5. There isn’t much opportunity to show them off
I guess this depends on where you live, but I’m in Canada, and summer barely exists up here.
So most of the time I’m wearing a shirt. And a coat. And a toque and mitts. The only people who get to see me without a shirt on are me, my kids (who obviously don’t care), and my wife (who after a few years of me having abs, doesn’t care that much either).
Sure, there was this one time I was out for a run without a shirt during a hot and sunny day, and some women drove by in a convertible and yelled out, “Woo, baby!” That was kind of cool. I mean, they were almost old enough to be my mom, and they had that haggard, Led Zeppelin groupie look to them, but still.
Why it sucks
For the amount of work it takes, the reward in admiring glances from the opposite sex (or same sex, if that’s your thing) are incredibly small. But say you live in an area where it’s sunny year round and you get to spend hours each day strutting down the beach soaking up the admiration. The problem is: that’s not the only thing you’re soaking up. There are all those harmful UV rays, which not only prematurely turn your skin into a leather handbag, but can cause lethal melanoma.
6. You probably can’t sustain it
Models, actors and bodybuilders all go through fluctuations in body fat. To get really ripped, if I haven’t made it clear, is a brutally challenging endeavor. As a result, most men known for their physiques have a tendency to go through an “off season” where they relax on their diet and exercise regimen and pack some pounds back on.
Why? Because your body fights back against weight loss. It’s constantly pushing you to regain the weight, and it takes a lot of effort to battle this phenomenon and stay lean.
Why it sucks
It can be a blow to the ego. Others might question, “Why aren’t you ripped anymore? You looked so good!”
And if you’re famous, the paparazzi will of course snap your less-than-ripped photo for the world to see.
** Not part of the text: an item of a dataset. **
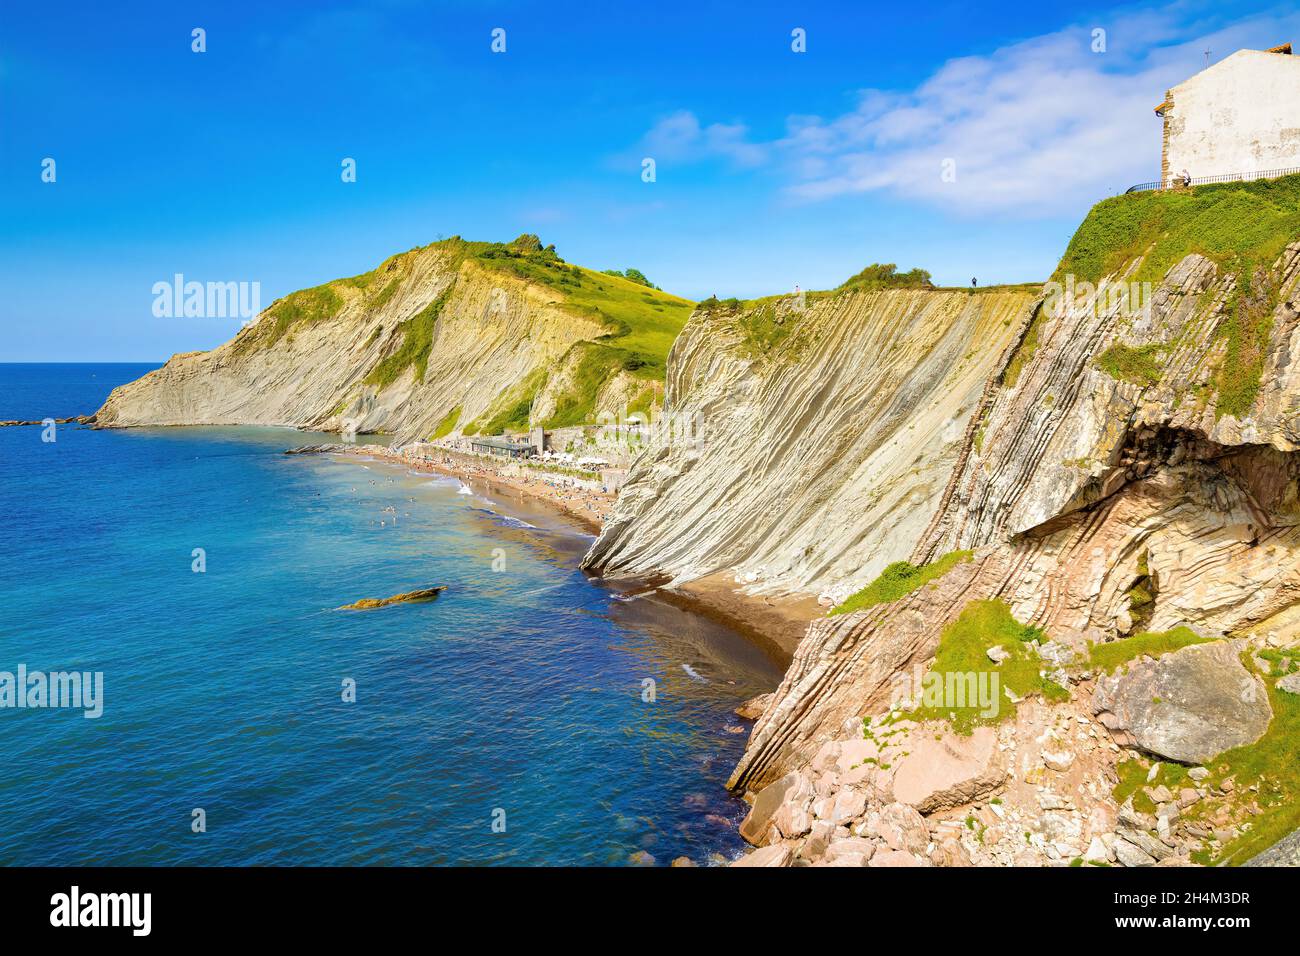 View of the cliff of Izurrun beach with its geological limestone rocks forming layers. Zumaya, Euskadi, Spain Stock Photo

Like they did with Gerard Butler:
This. Is. PIZZA!
And Jason Statham:
Rule #1 is, pass the potato chips.
Of course, this doesn’t have to happen.
I’ll reiterate that this article was largely intended for humorous purposes, but it also provides some reality and some caution. I’ve managed to sustain my four pack for several years now, largely by being realistic and not obsessing, but by achieving a more Zen-like state in regards to my diet and exercise regimen.